As we approach the 40th anniversary of the Memorial
Foundation this summer, it is worthwhile to highlight more fully
this aspect of our work. Essentially, what the Foundation has
engaged in since 1964-65 has been the creation, dissemination,
and intensification of Jewish culture in Jewish communities all
around the world after the Shoah.
Intensification of Jewish culture refers specifically to our work
of cultural reconstruction and renewal, particularly in the Jewish
communities in Eastern Europe, that were culturally decimated
in the second World War and during the Communist era, as well
as in dispersed Jewish communities in other parts of the globe
— communities far removed from the
nucleus of Jewish life, geographically, socially and culturally.

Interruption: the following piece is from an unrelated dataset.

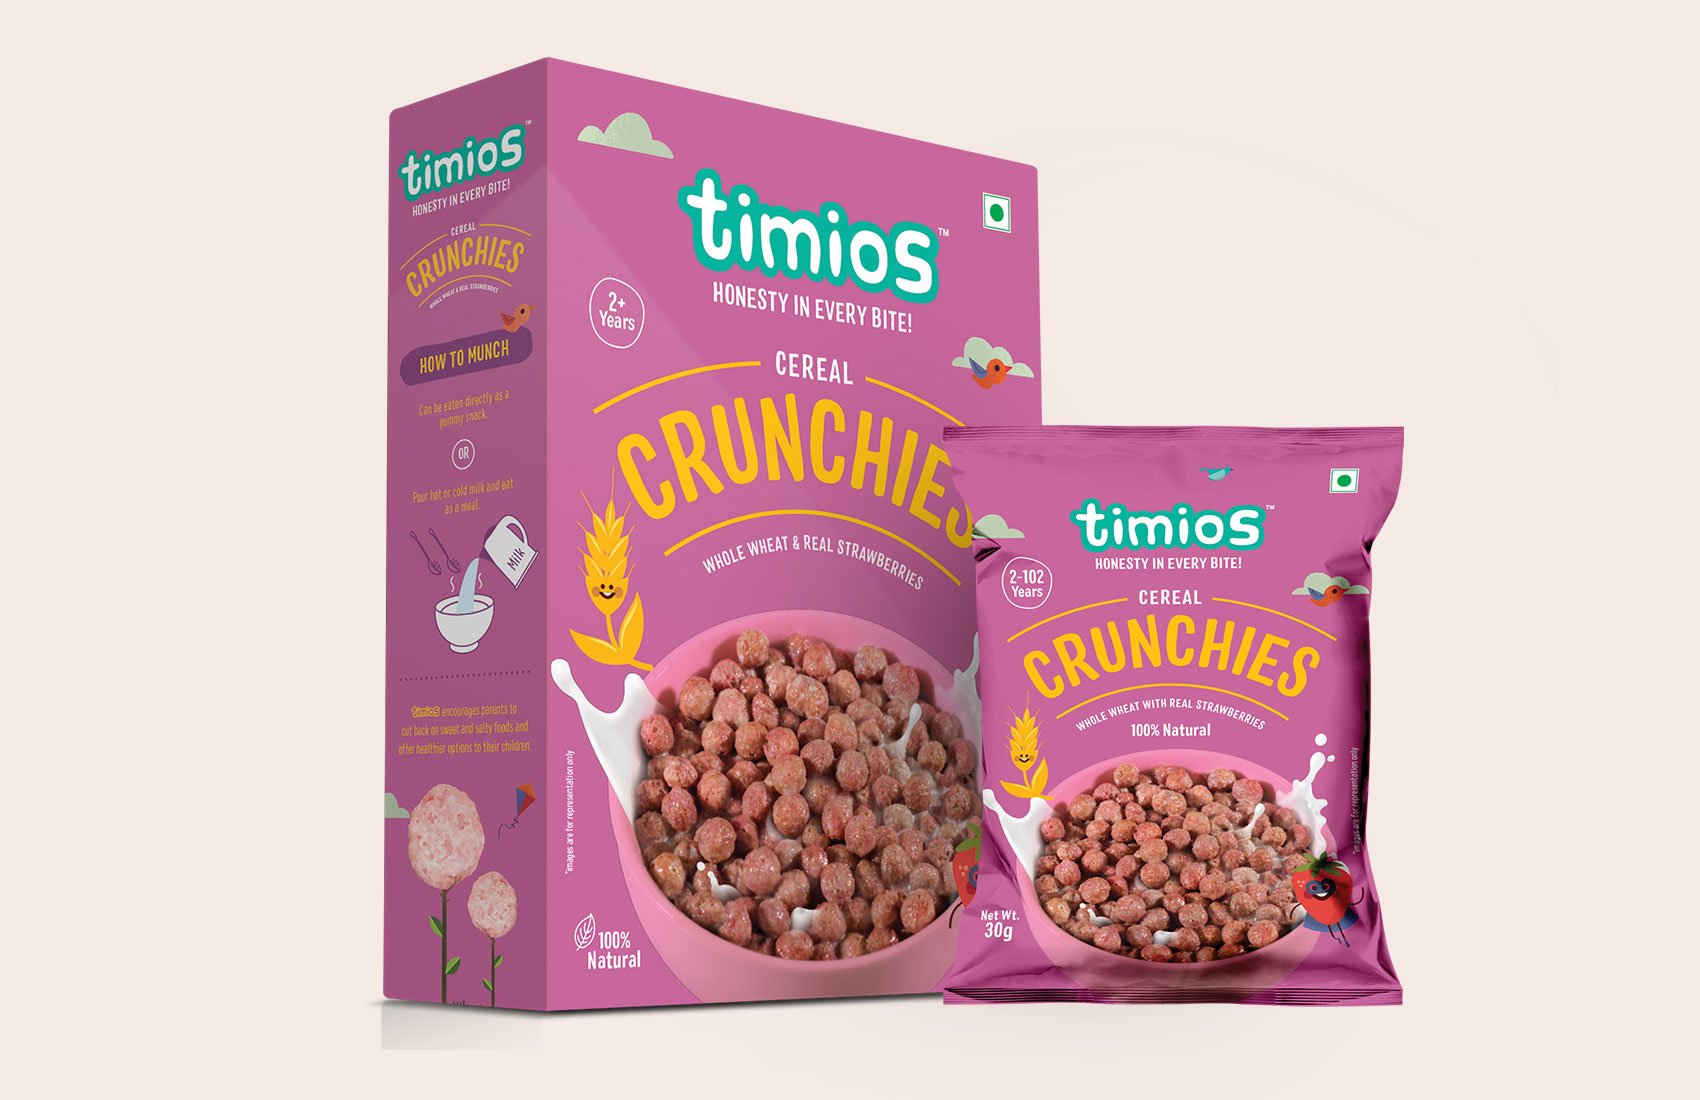 http://elebird.com/project/timios-product-packaging/

Dissemination entails the training of cultural leaders and the
publication of books that transmit extant Jewish culture through
schools, universities, and other educational and cultural bodies
to the Jewish people. These aspects of the Foundation's work have
been very visible among the Foundation's programs in recent years.
But the Foundation has been equally and very successfully also
involved in the creation of Jewish Culture, most notably in Jewish
scholarship. Through our doctoral, fellowship and institutional
programs, we have supported individuals and universities in promoting
original research and publications in the widest range of Jewish
scholarly activity. We have played a very unique and special role
in this area on the international scene; as such support is often
scarce and not always a high priority in Jewish communities.
Women Scholars
The two volumes which I will be highlighting in this report reflect
the highest level of Jewish scholarship. Remarkably, both were
written by women, and deal with rabbinical studies and mysticism,
areas of hard-core Judaica. What I should like to emphasize here
is the growing role of Jewish women scholars in serious scholarly
research, and the role of the Foundation in supporting these women
scholars. When I came to the Foundation several decades ago, few
women were recipients of Foundation grants. Today about half the
grantees in our doctoral and special doctoral fellowship programs
are women.
Megillat Ta'anit: Versions, Interpretations, History,
by Dr. Vered Noam is based on her doctorate, which she received
with distinction from Hebrew University. Prof. Noam is at the
beginning of her academic career and currently serves as professor
of Talmud at Tel Aviv University. Dr. Noam was awarded a Memorial
Foundation Ephraim Urbach postdoctoral fellowship to help publish
this new critical edition of Megillat Ta'anit.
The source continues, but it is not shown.